Brent Turnipseed: Yeah, I mean, I know there are probably many things I'm not thinking of, but off the top of my mind, we certainly could recommend precursors to NAD. We could recommend things like CoQ10. We could recommend any of the B-vitamins whereas which are essential for brain function.

The quickest side about NAD. So, NAD an interesting little side story. We're not using it as a treatment in our clinic, but there are several niche clinics around the country that treat substance use and addiction using [inaudible 00:20:15]-

Dr. Gladden: Yes, using IV NAD.

Brent Turnipseed: That's right. And I've had several clinics approach us, saying: "Would we partner with them or recommend their services after patients have ketamine therapy with us?" And the little evidence you can find online or on PubMed, which is very, very little, seems encouraging, but no one's done clinical trials to my knowledge in the last 20 years on NAD for any mood or addiction condition.

So, I mean, considering what we just said about mitochondrial function and how that relates maybe to contributing factors of brain illness, I'm starting to wonder if this could be a fun clinical trial where I can see why patients gravitate towards it. Reportedly, most people feel much better after getting a NAD infusion.

Dr. Gladden: Yeah. Our take on that is, and we've been working with some people to actually measure NAD/NADH levels out of the University of Georgia. So, we can actually measure NAD levels for our clients. And what's interesting is that they just did a trial, a small trial, looking at the benefits of IV NAD versus the precursors like NMN to boost NAD. And what they found is that if you get IV NAD, they're actually measuring both extracellular and intracellular NAD levels, and they're finding that when you get IV NAD. The only thing that ever elevates is the extracellular NAD. It does not increase. NAD itself does not increase intracellular NAD, which is fascinating. And the NAD is broken down very quickly, and some of the breakdown products, adenosine, and some other things seem to be modulating the benefit.
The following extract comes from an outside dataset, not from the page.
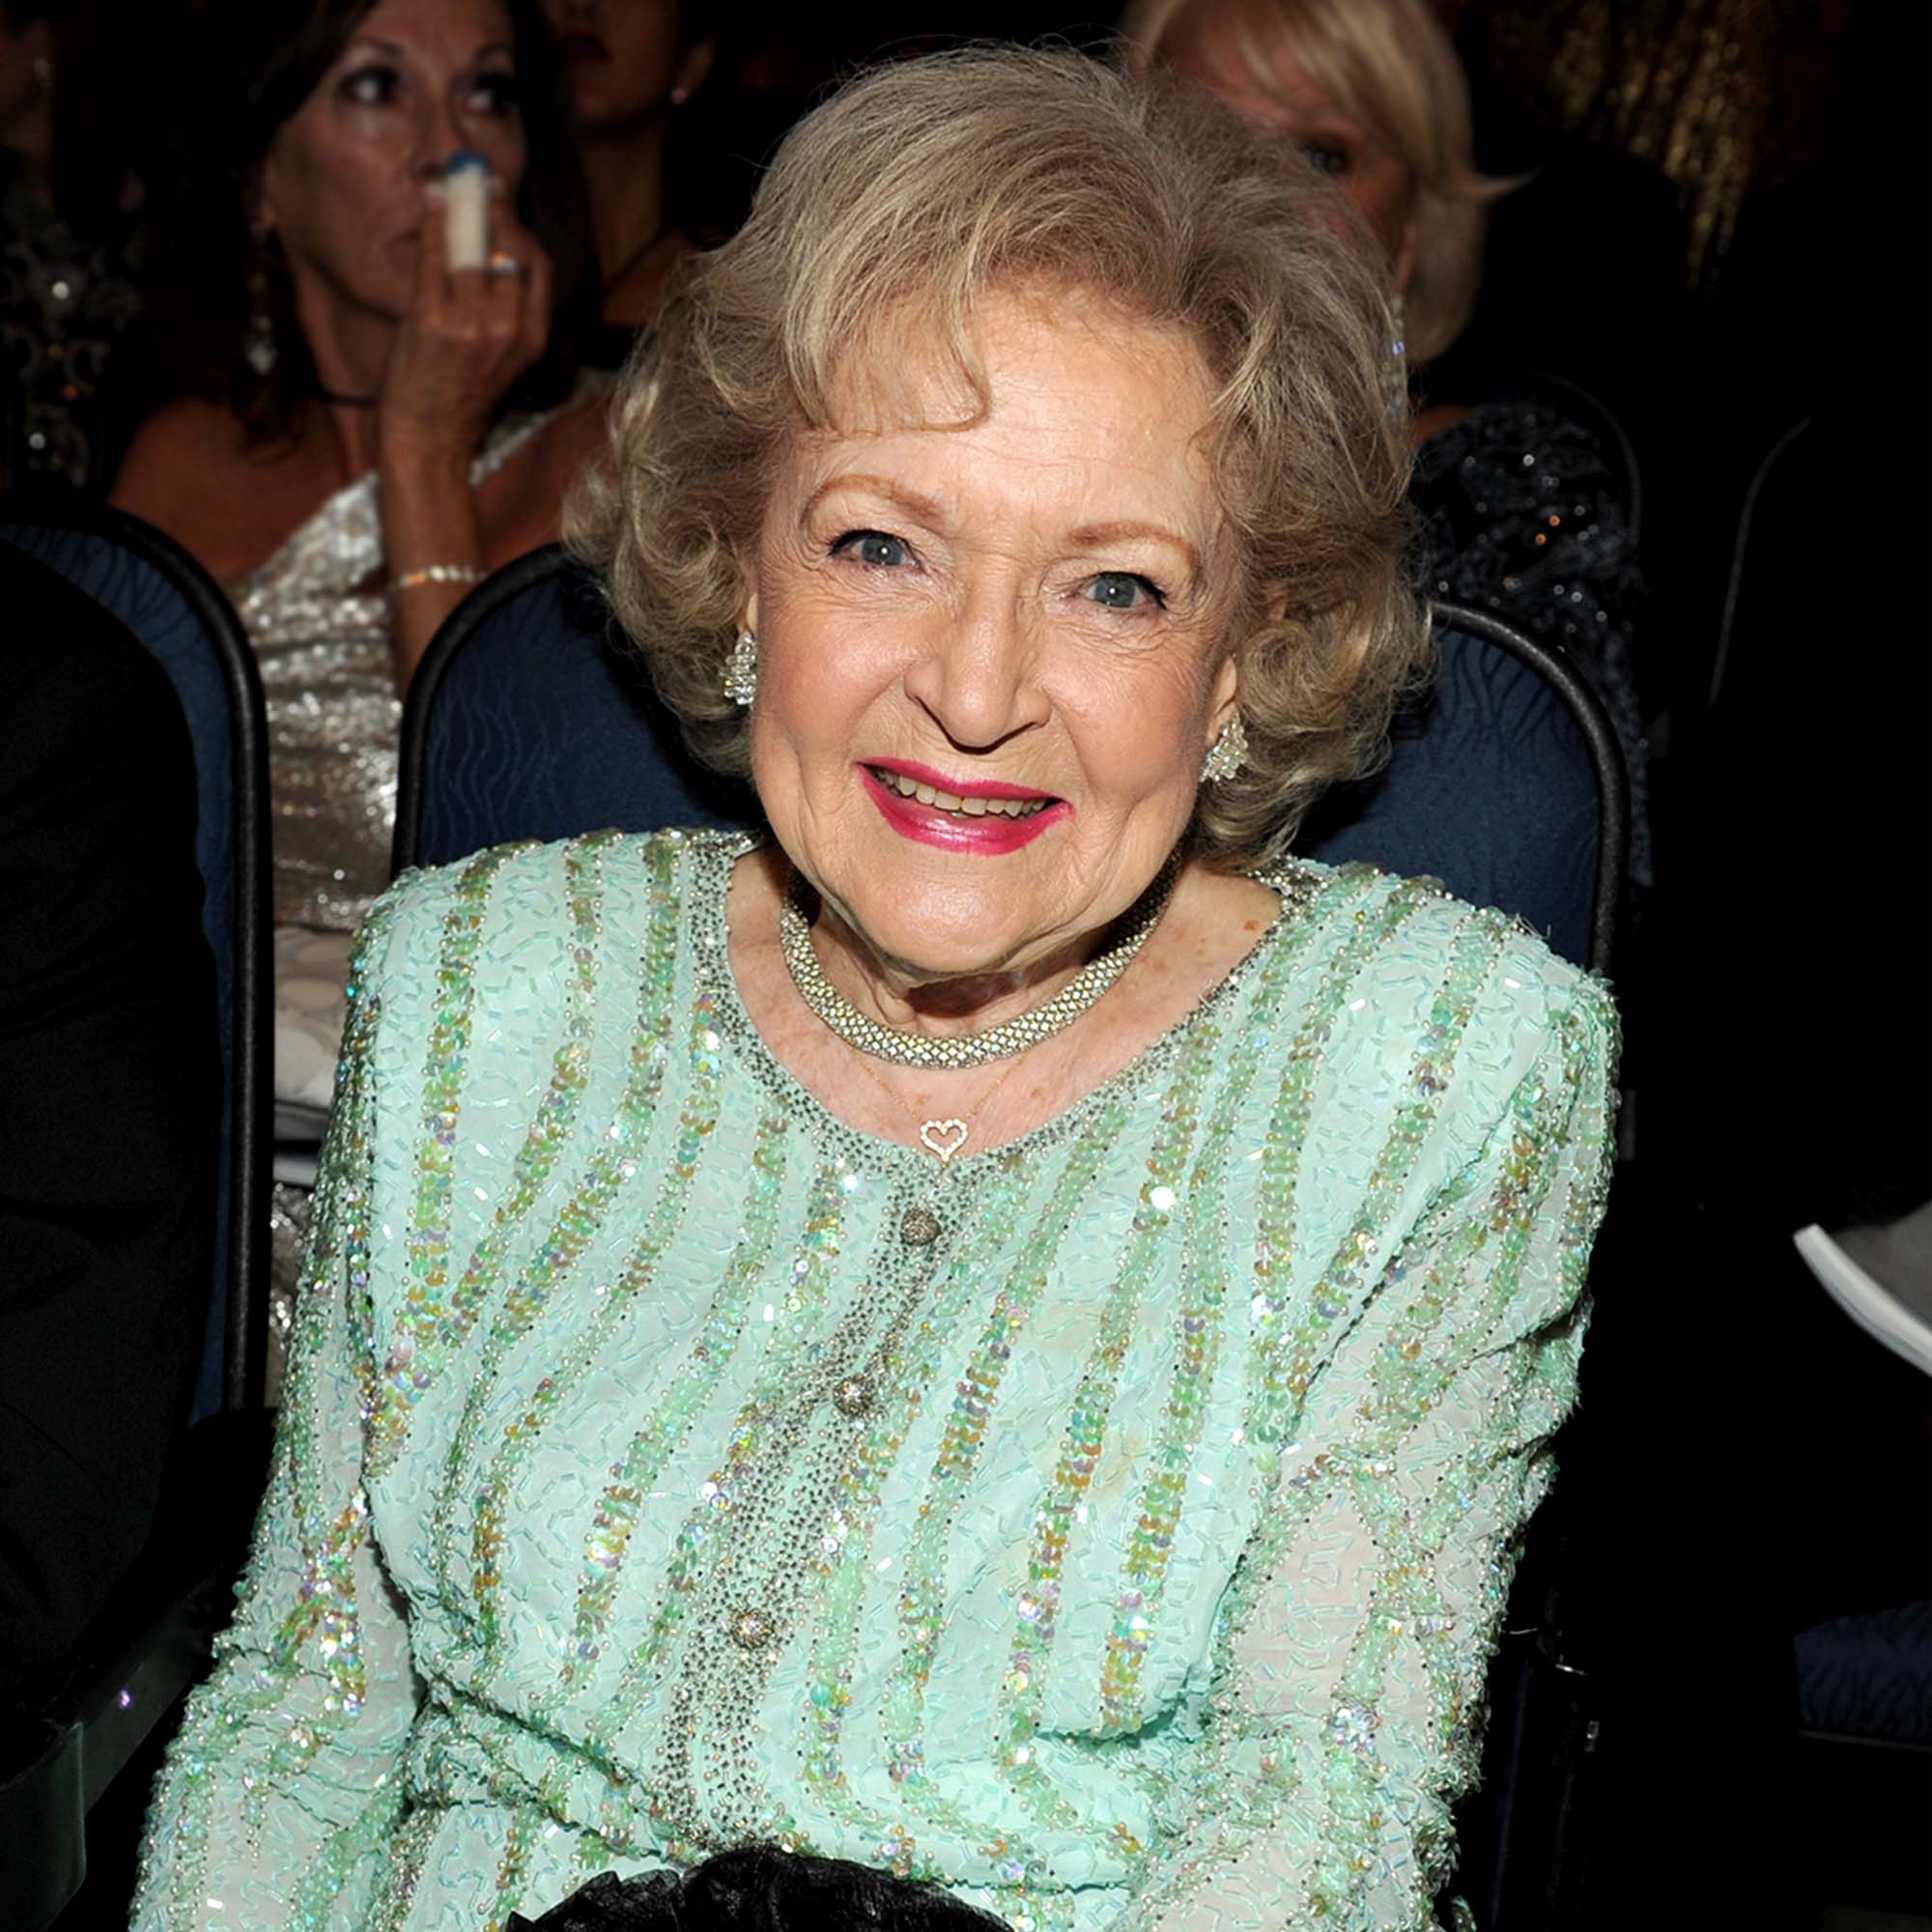 Betty White Had Sweet Last Words Before Her Death Age 99 002

And I think NAD itself can be a neurotransmitter, if I'm not mistaken. And so, there's some benefit there as well. But if you're really trying to improve the energetics of the neuron, I think it's getting intracellular NAD that you're probably going to be after. So, I think using an enamine molecule, maybe with some other molecules attached to it to improve efficacy, could be, quite honestly, a better way.

That being said, in my reading of literature, too, it seems like people that are in real trouble, post-COVID, alcohol addiction going through withdrawal. These people that are in deep, I would say, seem to benefit from the NAD infusions, but we've really shied away from it in the longevity space because we just don't think it has that much benefit. We think there are better ways to go. So, anyway, that might be helpful to you as you think through what you want to do or don't want to do in your own trial there.
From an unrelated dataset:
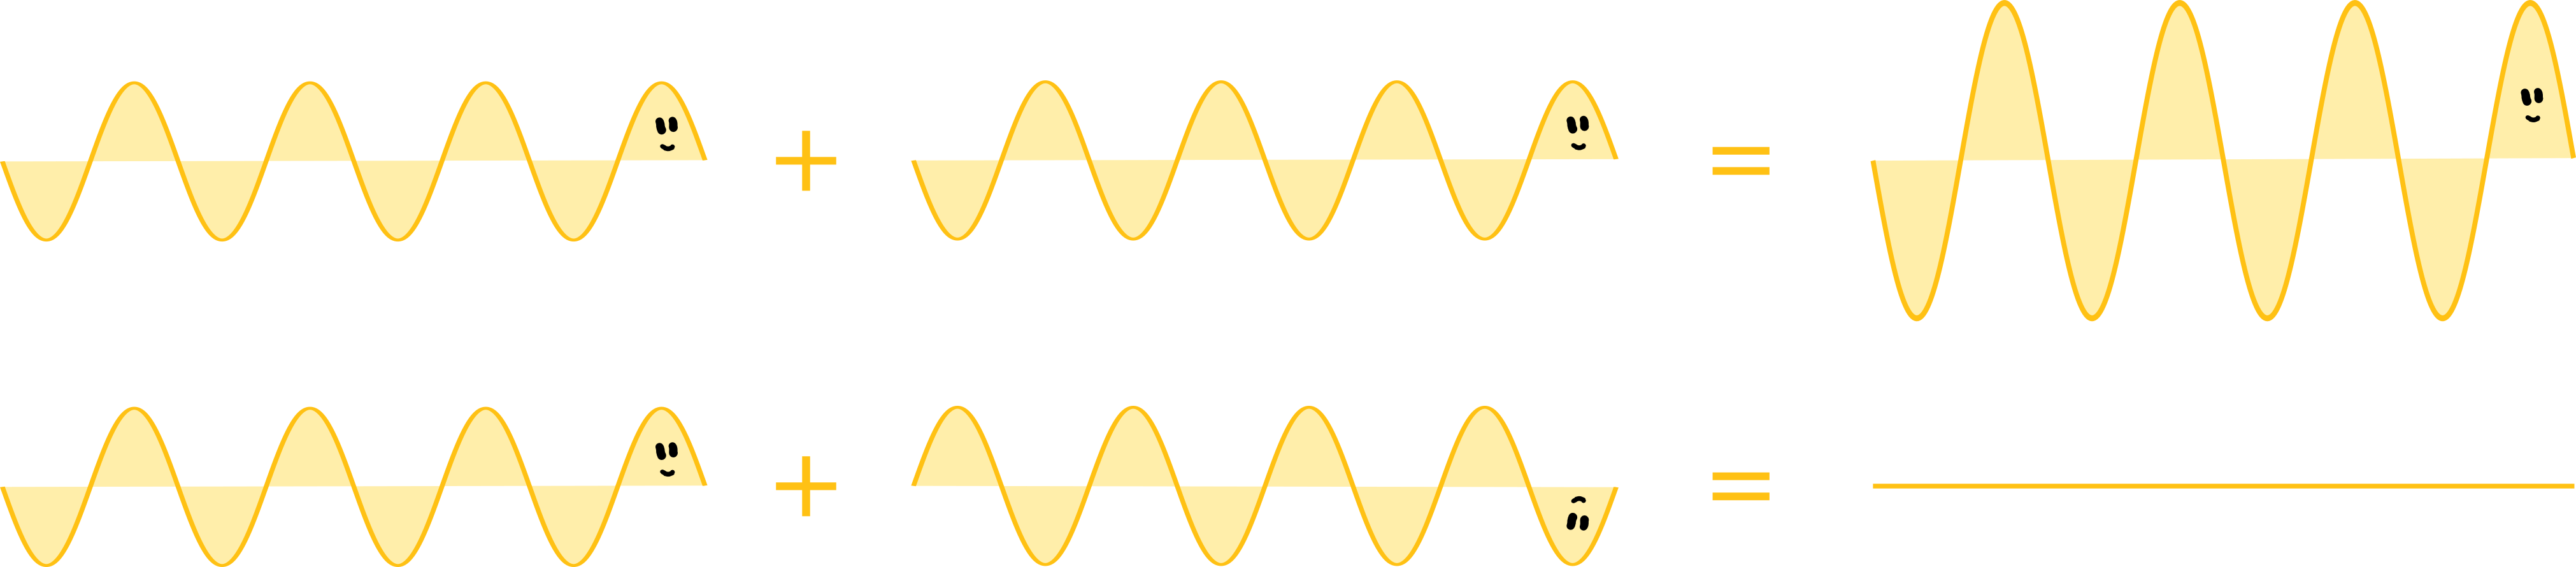 Interference of two wave

Brent Turnipseed: Yeah, this is a novel area of our field now. And, like I said, this book that just came out is just beginning to put the pieces together and touch on it. So, hopefully, in the next five years, we'll see much more movement or evolution in this part of psychiatry and brain health.

Steve Reiter: This episode of the Gladden Longevity Podcast is brought to you by H2, molecular hydrogen in the Gladden Longevity store.

Dr. Gladden: Yeah, Steve, you've heard us talk about this numerous times on the podcast in terms of the benefits of H2 and hydrogen water. We love it. It's really the best way to balance your entire redox system, so it really protects you from free radical damage. I take it every time I get on a flight to protect me from radiation damage when I'm flying, and I use it to rejuvenate my brain in the afternoon.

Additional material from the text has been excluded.